● **YOUR OBJECTIVE**
The response must consist of all the entries, duplicated without alteration.

● **RECORDS TO USE**
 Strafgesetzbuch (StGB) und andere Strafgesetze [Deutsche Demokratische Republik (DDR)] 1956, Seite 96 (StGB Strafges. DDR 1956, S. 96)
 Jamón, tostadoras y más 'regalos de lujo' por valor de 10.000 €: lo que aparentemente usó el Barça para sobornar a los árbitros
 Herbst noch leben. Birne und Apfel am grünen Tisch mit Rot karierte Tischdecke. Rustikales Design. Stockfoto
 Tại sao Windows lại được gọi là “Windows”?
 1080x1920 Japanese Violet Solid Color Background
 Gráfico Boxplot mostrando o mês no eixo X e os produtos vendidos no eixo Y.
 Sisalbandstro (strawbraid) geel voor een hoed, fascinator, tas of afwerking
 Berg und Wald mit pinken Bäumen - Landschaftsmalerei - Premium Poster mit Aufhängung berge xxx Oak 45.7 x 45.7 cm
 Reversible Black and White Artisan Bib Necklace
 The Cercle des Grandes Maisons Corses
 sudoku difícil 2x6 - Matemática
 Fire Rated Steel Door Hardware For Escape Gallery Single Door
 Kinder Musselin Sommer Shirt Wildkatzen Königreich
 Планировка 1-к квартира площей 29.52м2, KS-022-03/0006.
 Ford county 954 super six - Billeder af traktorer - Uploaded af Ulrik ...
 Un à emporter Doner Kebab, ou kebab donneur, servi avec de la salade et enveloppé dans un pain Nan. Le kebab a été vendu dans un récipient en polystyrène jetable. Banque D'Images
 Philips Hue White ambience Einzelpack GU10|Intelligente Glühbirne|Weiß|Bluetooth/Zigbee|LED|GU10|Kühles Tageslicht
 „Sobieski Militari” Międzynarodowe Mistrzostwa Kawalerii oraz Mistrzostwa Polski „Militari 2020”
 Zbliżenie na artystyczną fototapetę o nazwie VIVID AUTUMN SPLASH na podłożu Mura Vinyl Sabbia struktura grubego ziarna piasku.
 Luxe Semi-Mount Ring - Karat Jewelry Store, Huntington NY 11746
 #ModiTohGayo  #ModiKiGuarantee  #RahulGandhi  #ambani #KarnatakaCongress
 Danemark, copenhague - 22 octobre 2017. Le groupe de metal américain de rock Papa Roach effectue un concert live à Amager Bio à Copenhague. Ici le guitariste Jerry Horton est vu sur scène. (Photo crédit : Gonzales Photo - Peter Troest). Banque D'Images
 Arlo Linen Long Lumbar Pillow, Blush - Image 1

● **ANSWER TO THIS PROBLEM**
 Strafgesetzbuch (StGB) und andere Strafgesetze [Deutsche Demokratische Republik (DDR)] 1956, Seite 96 (StGB Strafges. DDR 1956, S. 96)
 Jamón, tostadoras y más 'regalos de lujo' por valor de 10.000 €: lo que aparentemente usó el Barça para sobornar a los árbitros
 Herbst noch leben. Birne und Apfel am grünen Tisch mit Rot karierte Tischdecke. Rustikales Design. Stockfoto
 Tại sao Windows lại được gọi là “Windows”?
 1080x1920 Japanese Violet Solid Color Background
 Gráfico Boxplot mostrando o mês no eixo X e os produtos vendidos no eixo Y.
 Sisalbandstro (strawbraid) geel voor een hoed, fascinator, tas of afwerking
 Berg und Wald mit pinken Bäumen - Landschaftsmalerei - Premium Poster mit Aufhängung berge xxx Oak 45.7 x 45.7 cm
 Reversible Black and White Artisan Bib Necklace
 The Cercle des Grandes Maisons Corses
 sudoku difícil 2x6 - Matemática
 Fire Rated Steel Door Hardware For Escape Gallery Single Door
 Kinder Musselin Sommer Shirt Wildkatzen Königreich
 Планировка 1-к квартира площей 29.52м2, KS-022-03/0006.
 Ford county 954 super six - Billeder af traktorer - Uploaded af Ulrik ...
 Un à emporter Doner Kebab, ou kebab donneur, servi avec de la salade et enveloppé dans un pain Nan. Le kebab a été vendu dans un récipient en polystyrène jetable. Banque D'Images
 Philips Hue White ambience Einzelpack GU10|Intelligente Glühbirne|Weiß|Bluetooth/Zigbee|LED|GU10|Kühles Tageslicht
 „Sobieski Militari” Międzynarodowe Mistrzostwa Kawalerii oraz Mistrzostwa Polski „Militari 2020”
 Zbliżenie na artystyczną fototapetę o nazwie VIVID AUTUMN SPLASH na podłożu Mura Vinyl Sabbia struktura grubego ziarna piasku.
 Luxe Semi-Mount Ring - Karat Jewelry Store, Huntington NY 11746
 #ModiTohGayo  #ModiKiGuarantee  #RahulGandhi  #ambani #KarnatakaCongress
 Danemark, copenhague - 22 octobre 2017. Le groupe de metal américain de rock Papa Roach effectue un concert live à Amager Bio à Copenhague. Ici le guitariste Jerry Horton est vu sur scène. (Photo crédit : Gonzales Photo - Peter Troest). Banque D'Images
 Arlo Linen Long Lumbar Pillow, Blush - Image 1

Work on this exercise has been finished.